Hazony claims that nations keep to themselves and to the territory by which they self‐define. Their statehood, which respects the sovereignty of other peoples, is part of their interest in self‐governance. In this regard, Hazony gives a defense of nationalism in quasi‐libertarian terms: nationalism is apparently nothing but self‐determination, free association, and independence. He argues that empires favor “universalism” over the coexistence of self‐governing nations. All must submit to the imperialists’ values. For Hazony, nationalism is about defending the plurality of world cultures, imperialism about imposing homogeneity. However, Hazony merely stipulates all this. He fails to demonstrate that this model is true. Rather, he gives us idiosyncratic definitions that serve to reclassify proffered counterexamples rather than engage challenges to his framework. Thus, for Hazony, Nazism was not nationalism, but imperialism, since the Nazis sought to impose themselves on other countries, even though Nazi ideology was precisely based on the ethnic conception of nationalism that Hazony defends.
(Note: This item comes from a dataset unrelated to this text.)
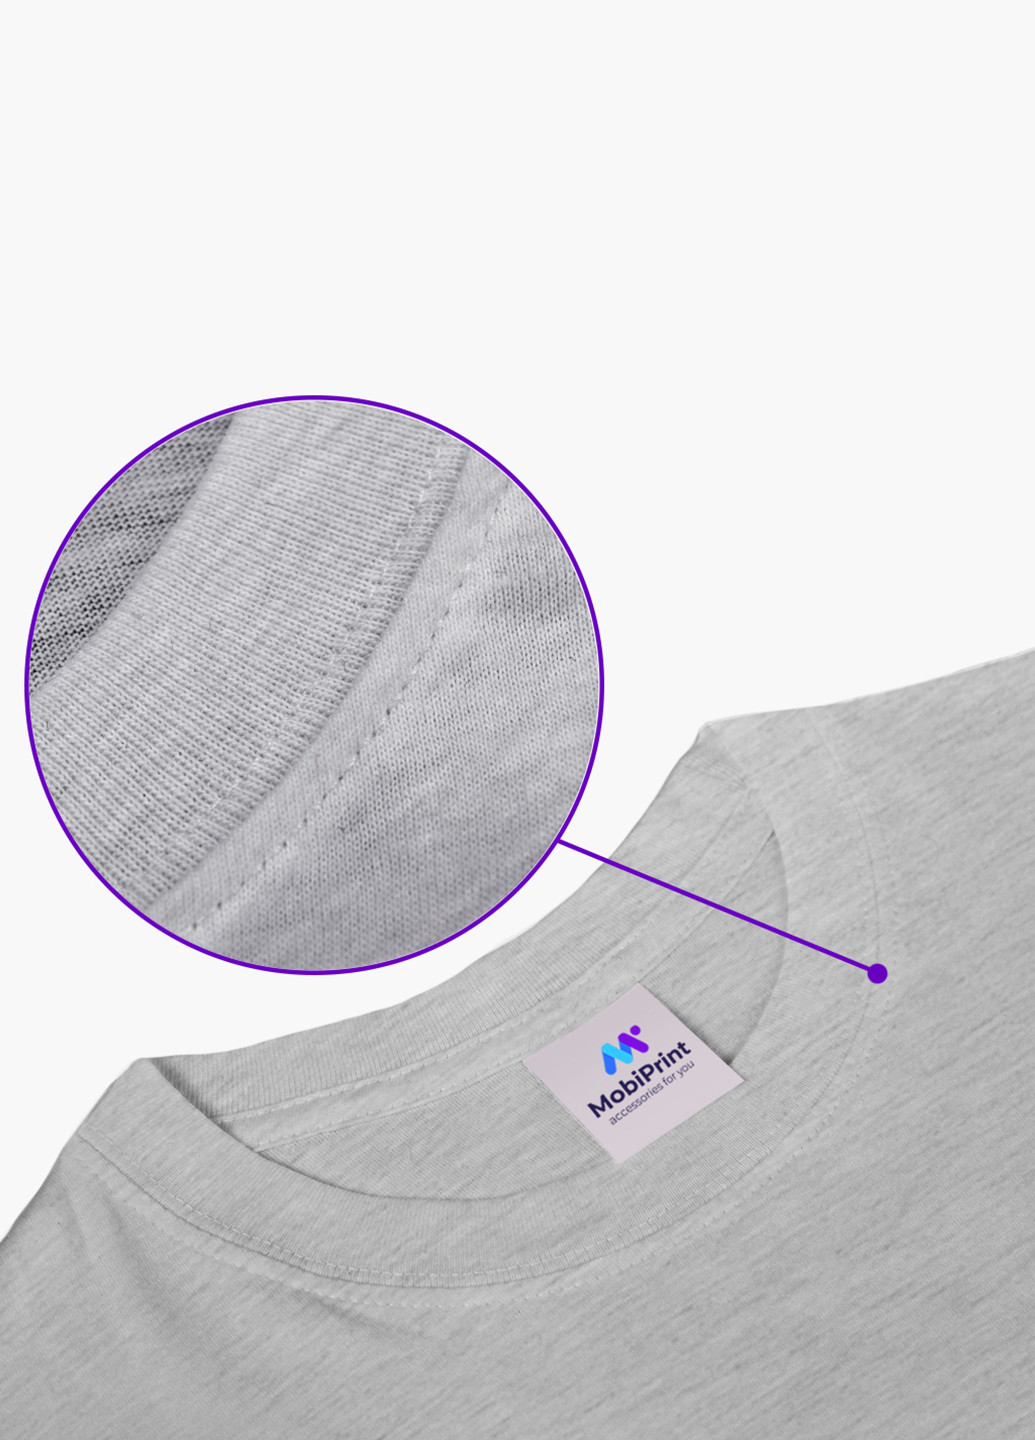 Світло-сіра демісезонна футболка дитяча лайк (likee) (9224-1041) MobiPrint

Nationalism is in large part an ideological product of modernity, coupled with European states’ desire for conquest, which built stories of common belonging and national difference to make social control and wars of expansion more feasible. Hazony claims that such cases are in fact empires. However, ignored in this account is that all these cases are of states built on narratives about common origins, language, and culture—exactly the criteria which Hazony sets for nationhood. Thus, Hazony has it backwards: Nations do not create states. Rather, states frequently create nations by forcing groups together. [i]
There are a few examples which do fit Hazony’s model. Some nations and states are “primordial,” or more directly linked to a single ethnicity or tribe. Hazony’s primary illustration of this is the Jews, specifically the version rendered in the biblical narrative. The Kurds, Basques, and Catalans present more instances of ethnically‐derived nations. Nevertheless, such examples are the exception, rather than the rule.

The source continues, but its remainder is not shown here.